For the sake of his mouth he sometimes wished Sylvia lived elsewhere but, being English and with the sort of teeth that went with it, he came to accept the situation, if not with complacency, then in the knowledge that there was something to be said for heredity after all. The managing director of a biscuit factory, he was as far from looking the part as possible, so casual in dress it was a wonder, his wife often thought, that the business hadn’t gone bump years ago. But his lackadaisical stance was deceptive, for he got things done, and at the same time swore it had never been his idea to work more than necessary. ‘Things trundle along. We sell. We make a profit. The biscuits are even good. As long as we keep the bank manager at bay — and we’re doing that, believe me.’
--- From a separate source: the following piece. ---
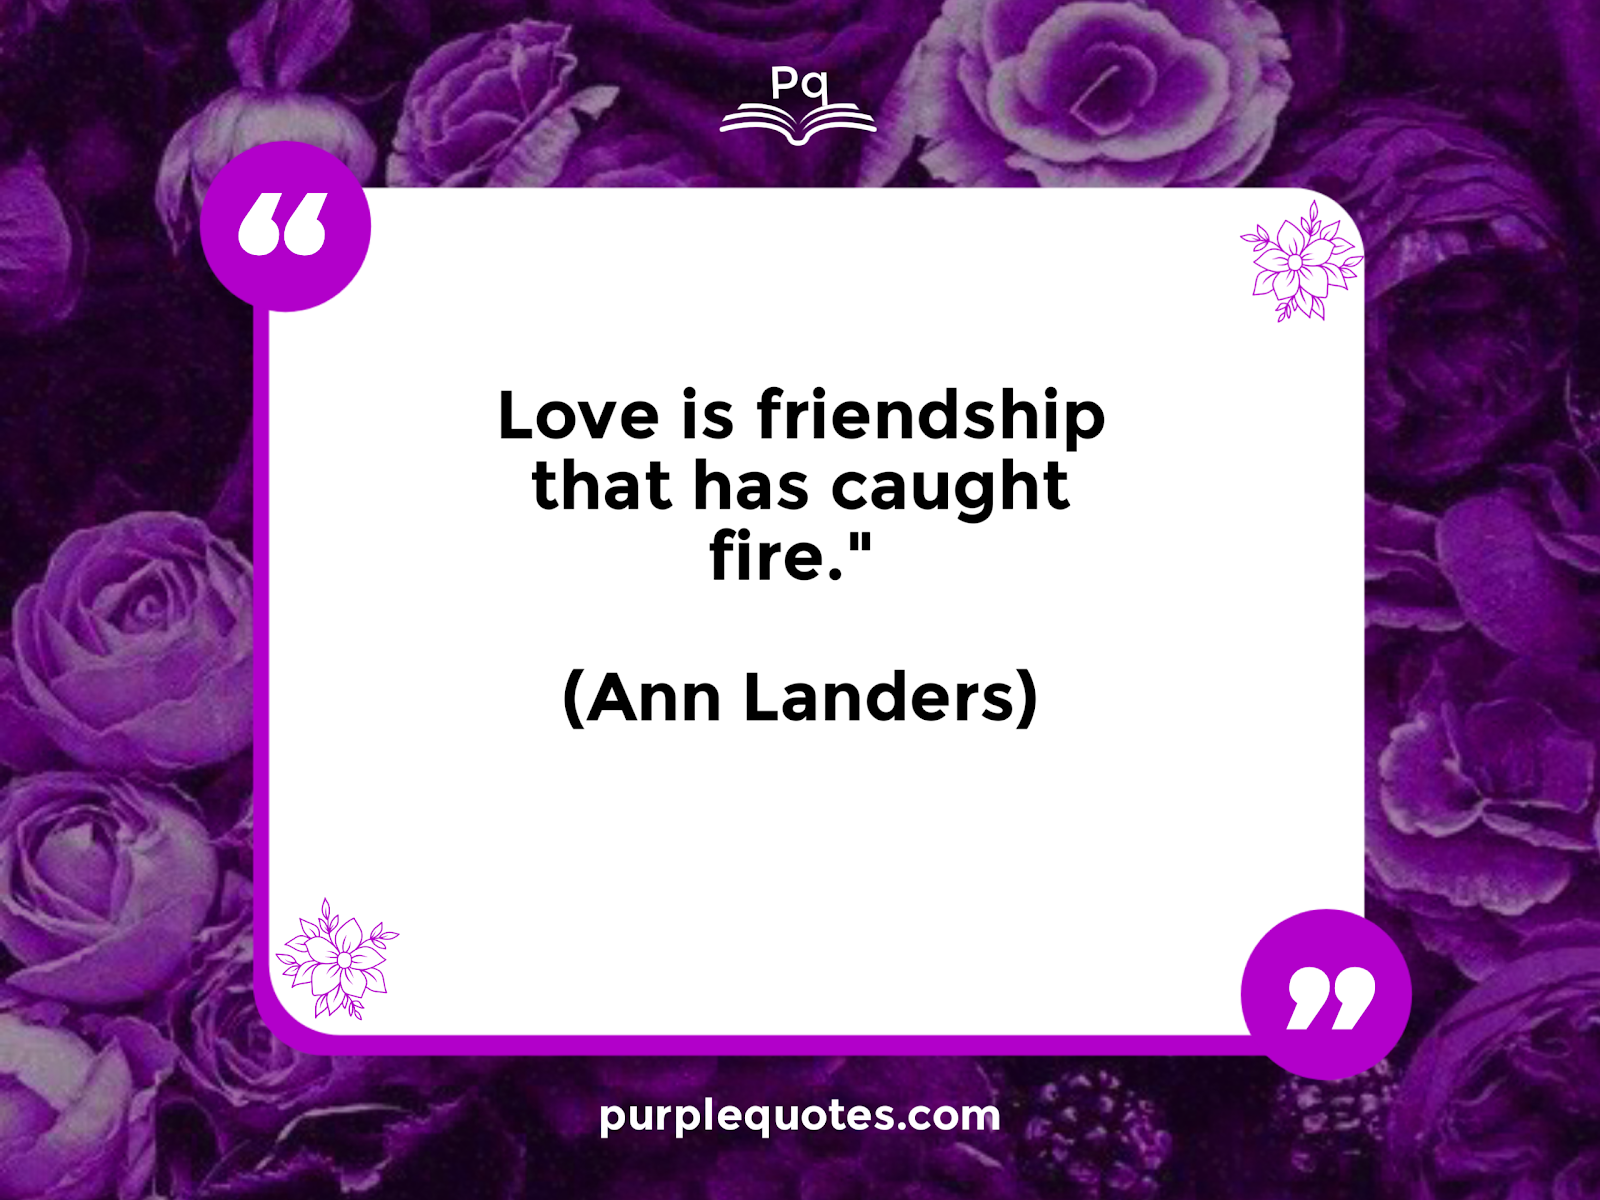 love is friendship that has caught fire, quote by Ann Landers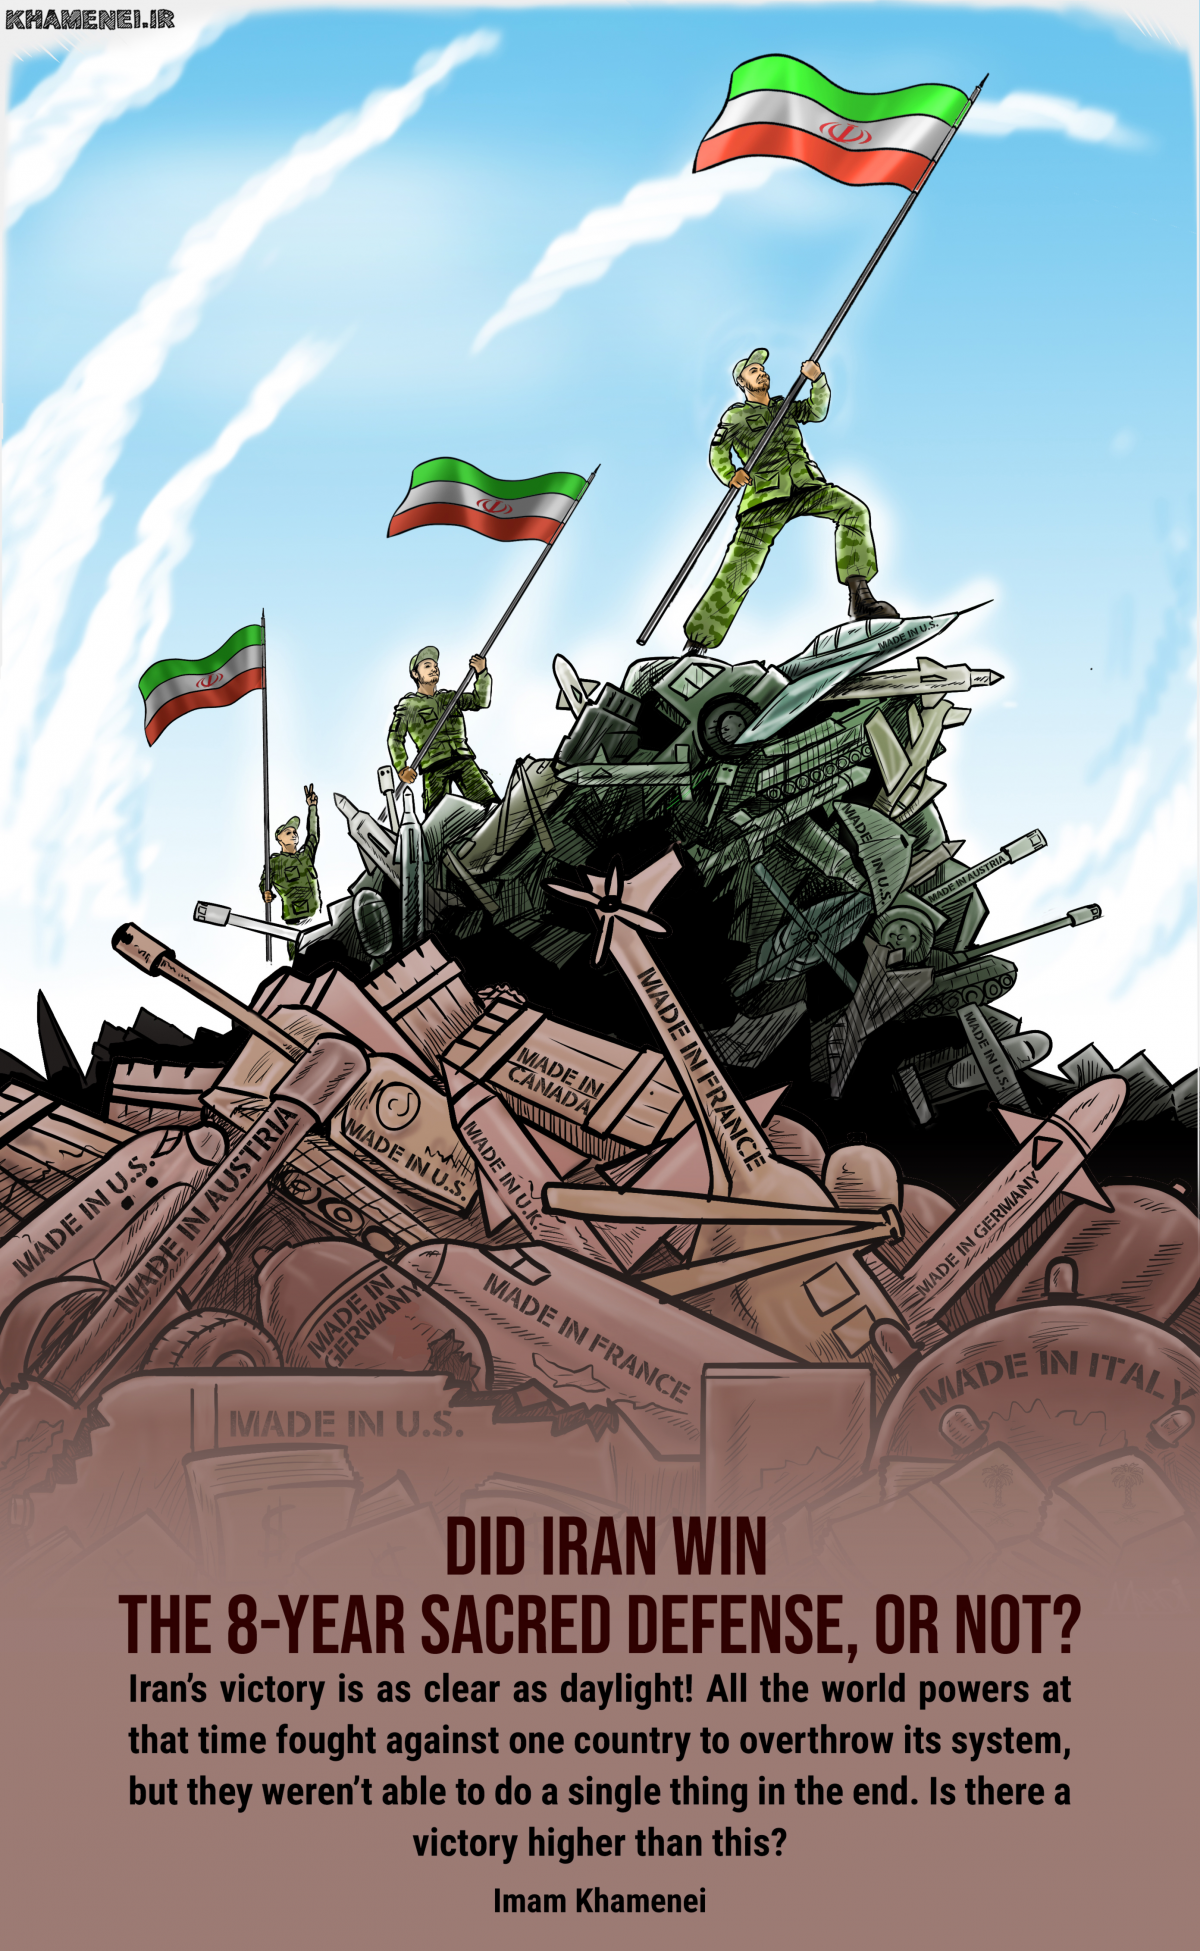 Did Iran win the 8-year Sacred Defense, or not?

Such an attitude, Glenda thought, was the bane of the country, but who was she to complain? Bringing up three children kept her busier than his work seemed to keep him. Complaining was whining, and too many people did that — another thing wrong with the country.
His meeting with Sylvia had been a boon to be taken immediate advantage of. He went alone to the party because Glenda wasn’t feeling well. Hadn’t she known that parties posed the kind of risk that he was in no mood to shirk?
Sylvia had been leaning against a bookcase as he went up the stairs, tall coffee table volumes on the lower shelf exaggerating the shape of her legs. Her face was no less interesting — thin (as was her body) but he noted the lively way she looked at him as he went by, and she thinking that he hadn’t taken in her glance. But he had: she would have to be sharper than that. She was: ‘I knew exactly what was on your mind.’
So his remark about ‘the well-heeled liberals of Hampstead’ drove the other man away. ‘That won’t get you anywhere,’ she said, ‘with so many dishy men around. I’ve never seen so many dishy men at one party.’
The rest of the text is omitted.